The pre-signed URLs expiring forcibly due to use of IAM results in odd errors in downstream services such as the one described in issue gitlab-pages#686 (comment 807801966)
Steps to reproduce
Example Project
What is the current bug behavior?
Pre-signed URLs are not guaranteed to stay alive until their requested expiration time and can expire in as low as 15 seconds after issue.
What is the expected correct behavior?
Pre-signed URLs should be guaranteed to stay alive until at least a longer defined time period than 15 seconds.
For example, at least 15 minutes, to comfortably accommodate GitLab Pages' default of 10 minute URL cache/reuse.
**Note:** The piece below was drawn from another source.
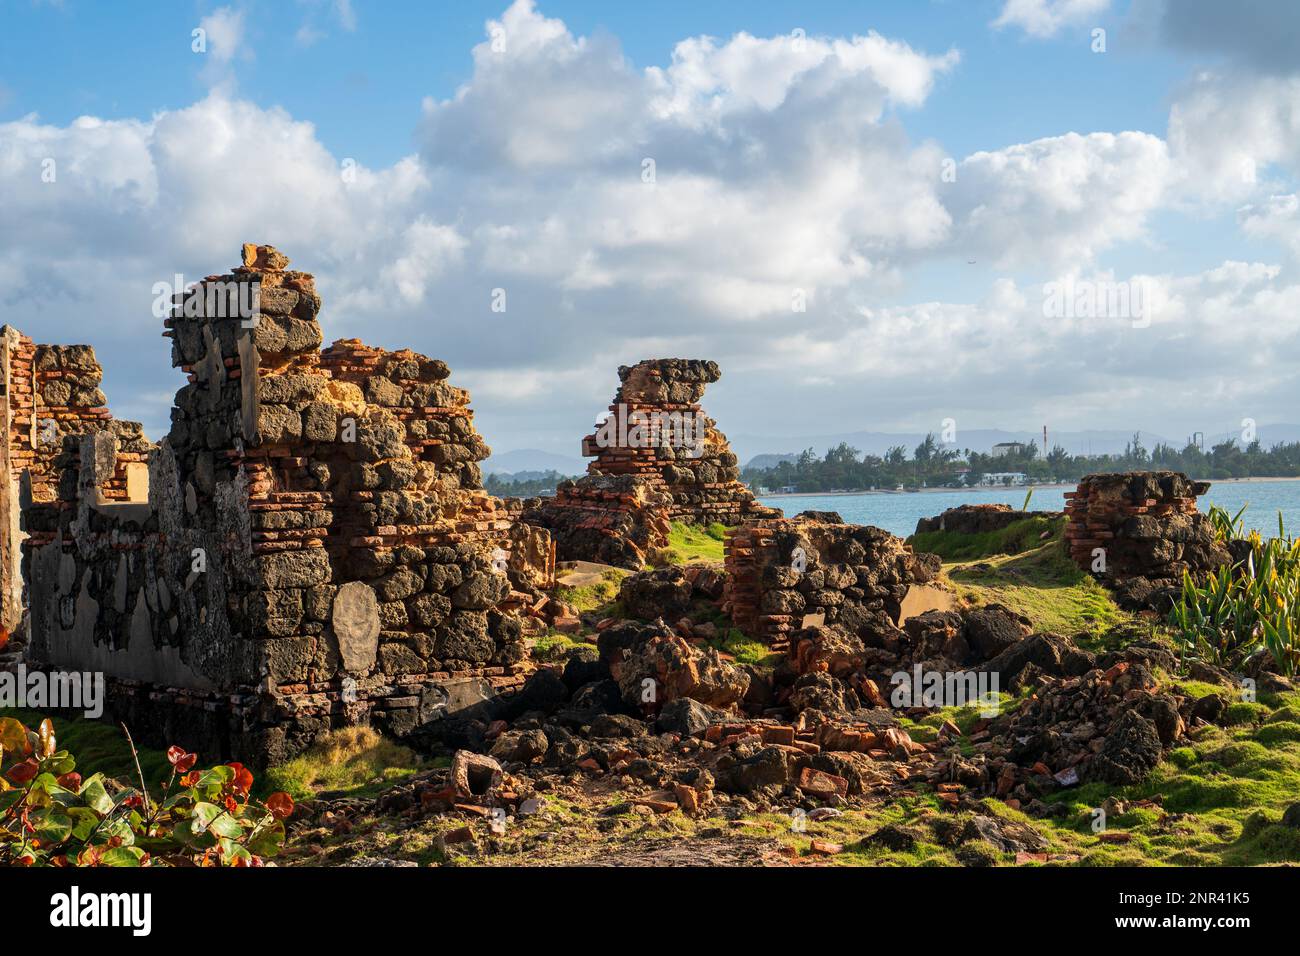 Ruins of Lazaretto isla de cabra San Juan Puerto Rico Stock Photo

Relevant logs and/or screenshots
See issue gitlab-pages#686 (comment 807801966) or customer ticket https://gitlab.zendesk.com/agent/tickets/256736
Output of checks
This was observed on instances running GitLab 14.4 and 14.5.
Possible fixes
One idea is to change the time threshold in Fog library upstream: https://github.com/fog/fog-aws/blob/master/lib/fog/aws/credential_fetcher.rb#L126-L130
Another is to track the expiration time ourselves and reload the token (if possible) in all its active users.